When buying a driver there are some simple rules to follow - including ones it's very easy to overlook.
Much as buying from the high street or even an auction site, might seem more economical, making your purchase after you have swung or tested a range of drivers at a professional facility is our best advice. Shop around for the club that initially gives you good feedback in terms of looks, a consistent strike and accuracy, then get yourself properly custom fitted. Most retailers will knock off the cost of a fitting (around £30-£50) from the cost of a purchase from them or build it in to the price of the club.
Distance will come if the club is fitted to make the best of your physique and your swing.
|Does size matter?|
The club has to sit there, ideally on a tee peg, and beg for you to open your shoulders and hit it with confidence.
Drivers today have clubheads that are huge (460 cc) compared to those of only a decade ago (around 250 cc), mostly with shiny black surfaces almost as big as a bowling ball. If you're a new golfer, you tend to look for a clubhead that will instil confidence - knowing you're going to make solid contact every time. The more proficient you get, the less need to own the biggest clubhead.
If looks and size matter, address a teed up ball, so half the ball sits above the face of the club addressed on the ground. Ask the pro to tape up the face and top of the club head (to avoid possible premature damage) and allow you to hit some practice shots to get the look and feel of the clubhead.
|What about loft and lie?|
|Many of the top pros use drivers with minimum lofts of 6 or 7 degrees. But we don't recommend this for the amateur who's unable to strike each shot in the same spot with the same swing path every time.|
We recommend you're custom-fitted for a driver to ensure the lie - the relationship of the sole of the club to the ground - is flat at address to help put more clubface in contact with the ball at impact. Drivers held with the shaft low and the toe of the club pointing upwards, can drastically reduce the area of the face making contact with the ball
Some drivers are also 'toed-in' two or three degrees, which means that at address the flat of the clubface points slightly to the left (for a right-hander). It's hardly detectable to the naked eye, with some clubs but acts as an anti-slice device to keep the ball on target.

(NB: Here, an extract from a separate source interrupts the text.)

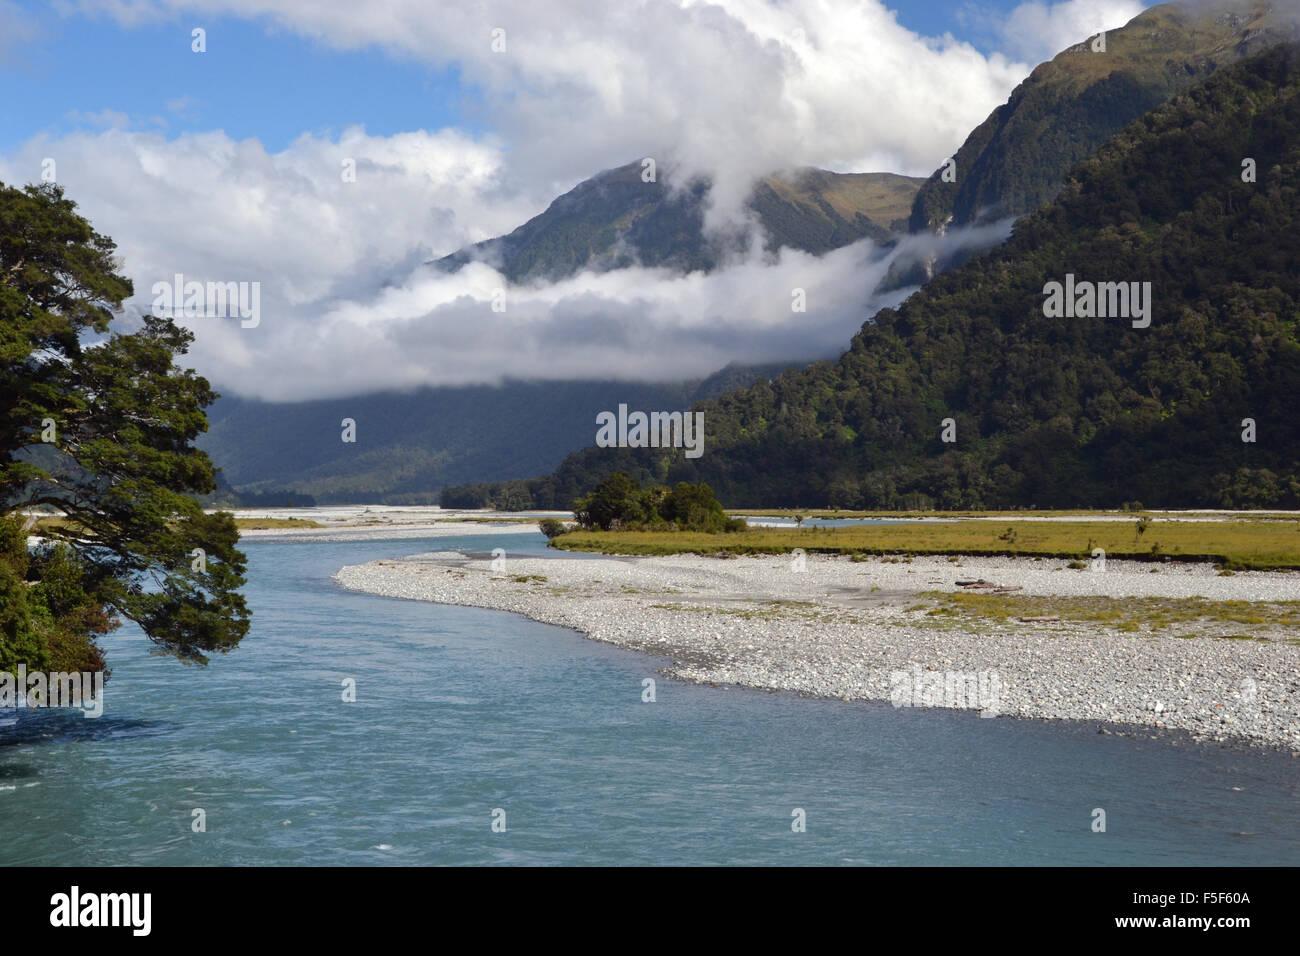 """Nueva Zelanda o Aotearoa, """"la tierra de la larga nube blanca"""" en maori, y un río, Isla del Sur, Nueva Imagen De Stock"""

|Are grips and shafts important?|
Ladies, Senior, Regular, Firm and Stiff shafts all have slightly different flexes and 'kick-points' depending on whether you want a low penetrating flight that's easier to control or one that sails high and may be a tad more difficult to control in the wind. Interchangeable weights in the clubhead can also effect the efficiency of the shaft to produce a suitable ball flight.
As for grips they depend on the size of your hand. When you hold the club in your left hand (for a right-hander) your fingers should wrap round so the tips barely touch the soft fleshy part of your palm below the thumb. If the tips make an impression get your pro to wrap more tape under the handle or fit a fatter grip.
|What should you pay?|
|Because many of the latest drivers have a limited shelf life, because of new technology constantly being introduced, prices can tumble within months of their launch. You can buy a new modern driver for between £60 to £100 or pay as much as much as £400 for the latest technology with adjustable weights, face angles and replaceable shafts, complete with a wrench for making your own adjustments.|
We recommend that you try out a handful of different clubhead shapes on the range before you get fitted and consider a purchase. Perhaps even get a second opinion from a golfer who's a better player and, perhaps, a better judge than you are of what might suit your swing as well as your pocket.